As at 30 June 2022, pawn loans came to 97.8 million, up by 18% y/y.

Operating results as at 30 June 2022

Net interest income, at 44.6 million, rose by 16% y/y. Interest income increased 6% y/y (50.6 million vs

47.7 million as at 30.06.2022 and 30.06.2021, respectively), and the lower y/y contribution from factoring has been more than compensated for by other components, including the greater contribution from pawn loans and State-guaranteed loans.

In today's market environment, interest income from the factoring business, accounting for roughly 53% of total interest margin (62% in 2021), dropped by 9% y/y, basically driven by a smaller late-payment interest stream from legal action.

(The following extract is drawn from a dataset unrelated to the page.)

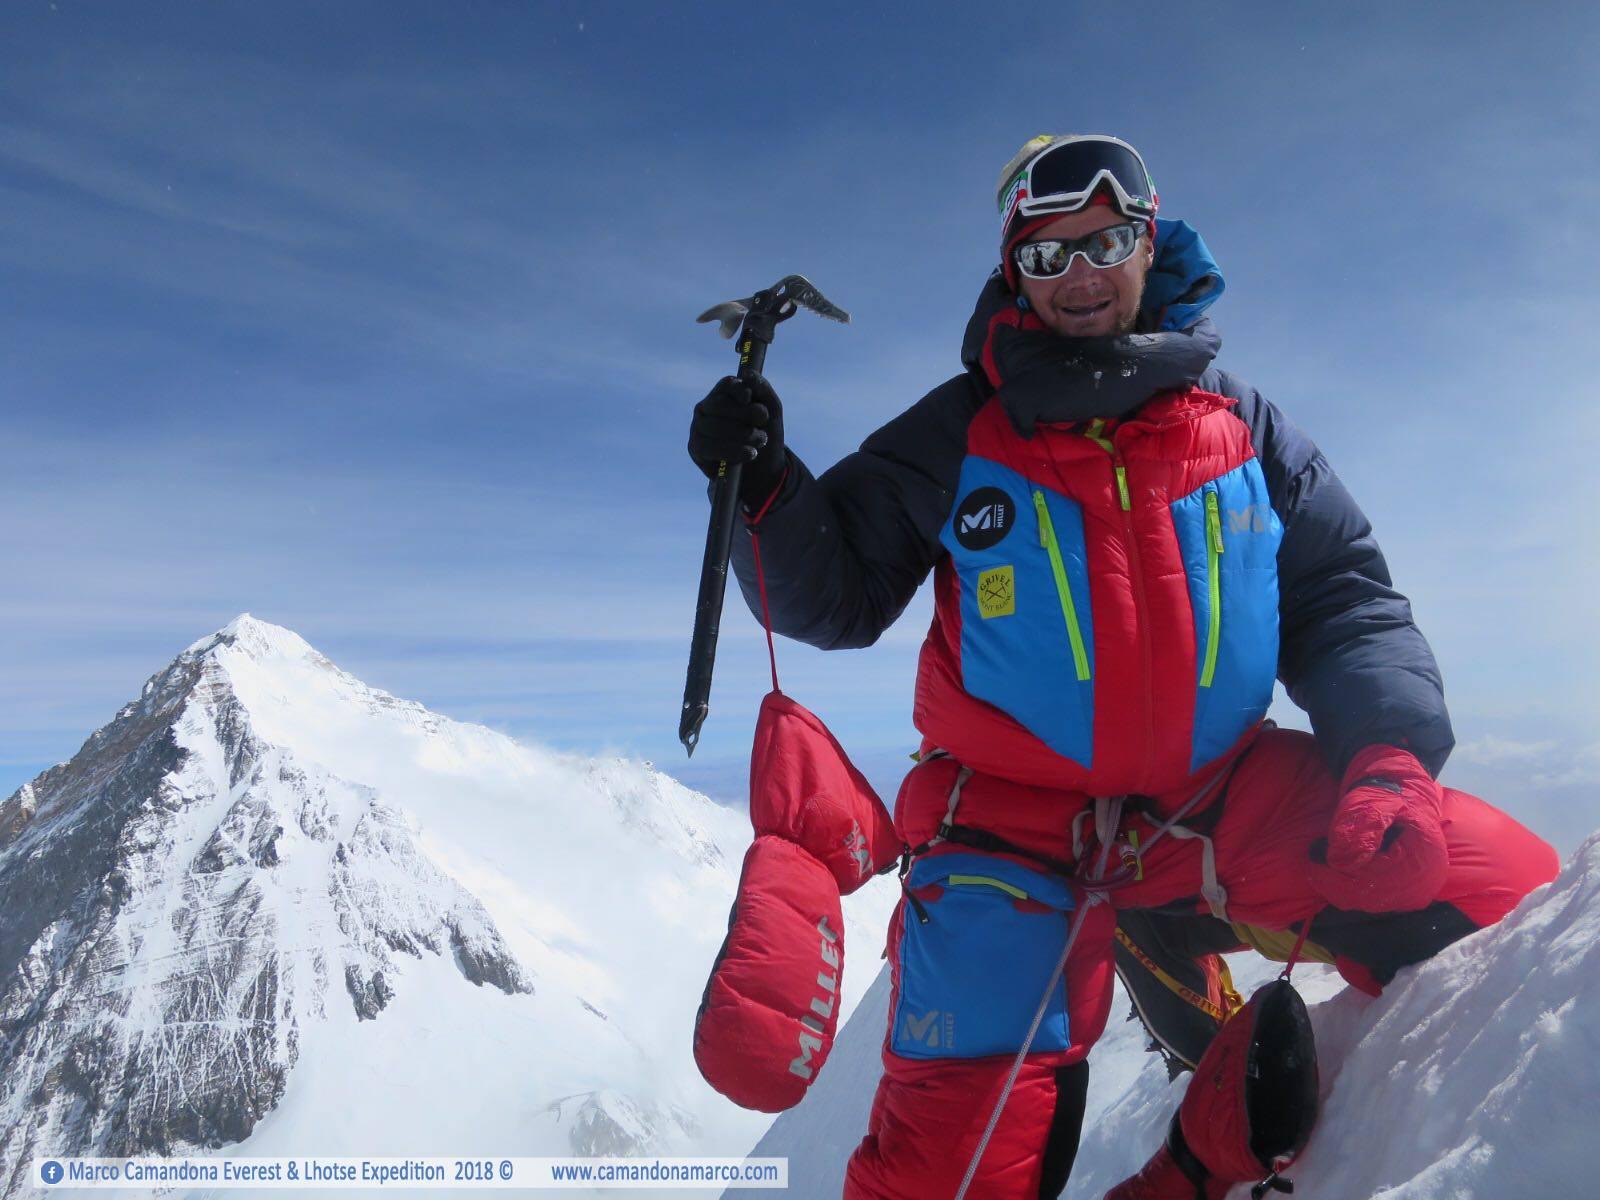 marco camandona, everest, lhotse, alpinismo, himalaya
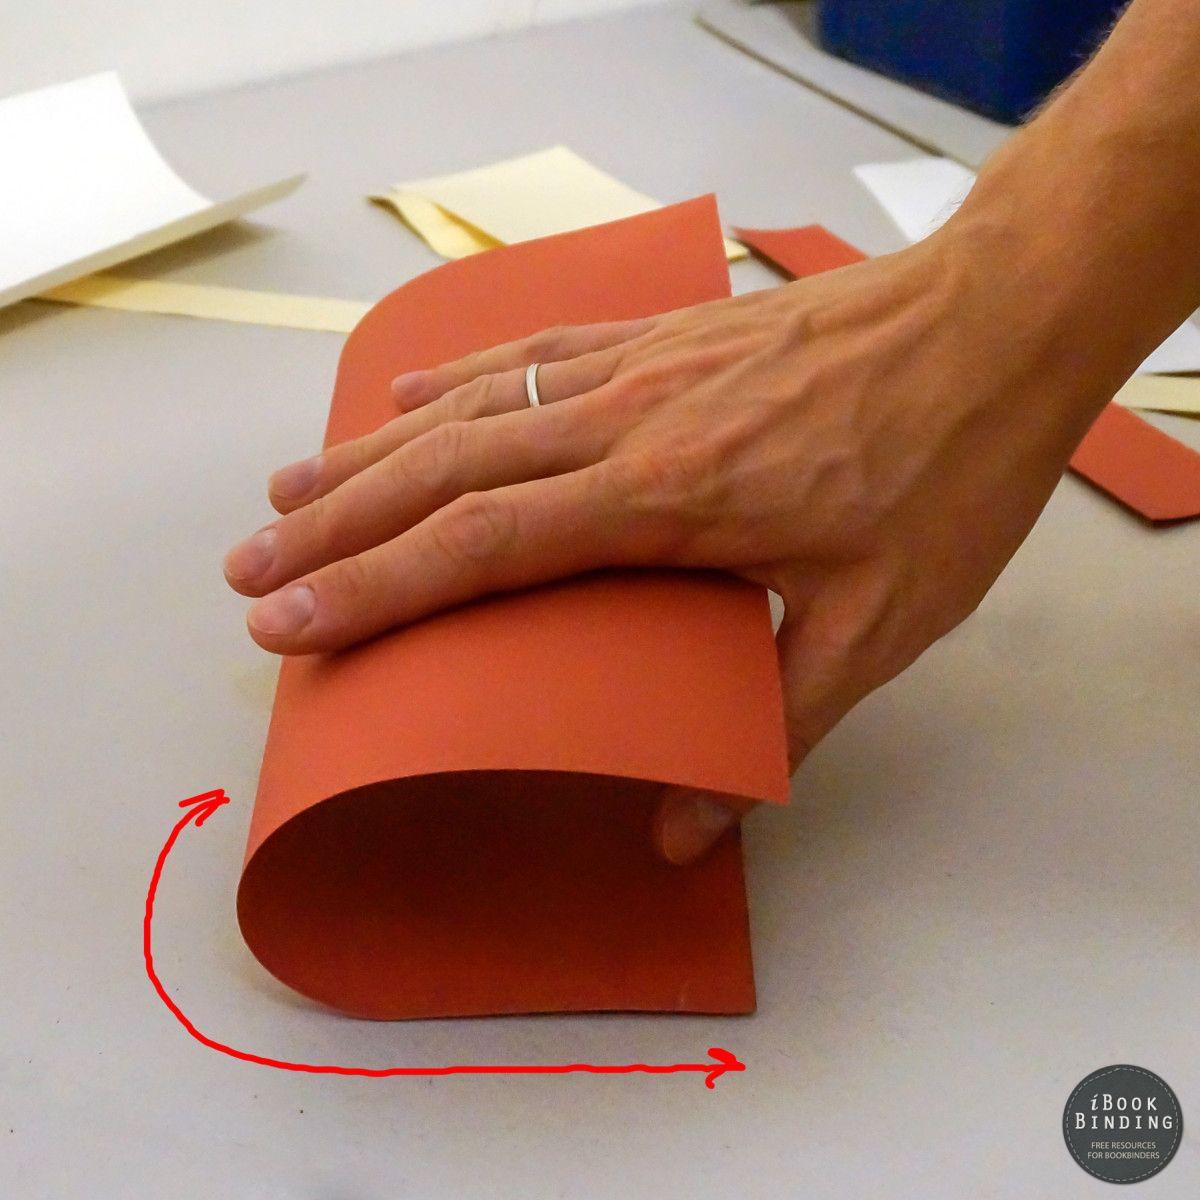 Paper Grain Direction And Cardboard Grain Direction I Bookbinding Free Book Binding Tutorials Resources Bookbinding Tutorial Bookbinding Book Binding

The overall P&L contribution as at 30 June 2022 from late-payment interest under legal action came to 6.8 million (12 million as at 30 June 2021).

Total late-payment interest under legal action accrued as at 30 June 2022, and relevant to the accrual model, came in at 100.7 million (178.9 million when including municipalities under conservatorship, against which no late-payment interest is accrued), while receivables already on the books totaled 52.6 million. The amount that was not recognized through profit and loss will be recognized, on an accrual or

cash basis, in the next financial years, based on collection projections, that are still expected to exceed 11/18 80%.

The total cost of funding, at 0.1%, is below the full-year 2021 cost level (0.4%). Interest expense declined by 36% y/y, also due to the repayment of the bond which was still outstanding on 30 June 2021 and to the lower cost of checking and deposit accounts.

Net fees and commissions, amounting to 7 million, declined y/y (7.8 million as at 30 June 2021), due to the increase in CQ commission expense and the smaller contribution from factoring net commissions, partially compensated for by the greater contribution from pawn loans commission income.

The contribution in terms of total revenues from factoring, i.e., the sum of interest income, commission income and revenues from portfolio disposals, has been declining in absolute terms year on year, following the drop in the late-payment interest component; a decline is reported also when revenues are considered as a percentage over the average of receivables. For CQ loans, the interest income to average loans ratio has remained stable year on year, while for pawn loans it has increased.

As at 30 June 2022, total income was affected by the decline in proprietary trading income compared to the previous year (2.8 million), as was already reported in Q1. As usual, factoring receivables and CQ loan portfolios were sold also in H1 2022, generating a revenue of 1.3 million and 1.5 million, respectively (line- item 100.a of the Income Statement), on the rise y/y.

Total income stood at 54.8 million, up by 9% y/y, reporting an improvement of the y/y dynamic over the first quarter of 2022, thanks to the increase in NII.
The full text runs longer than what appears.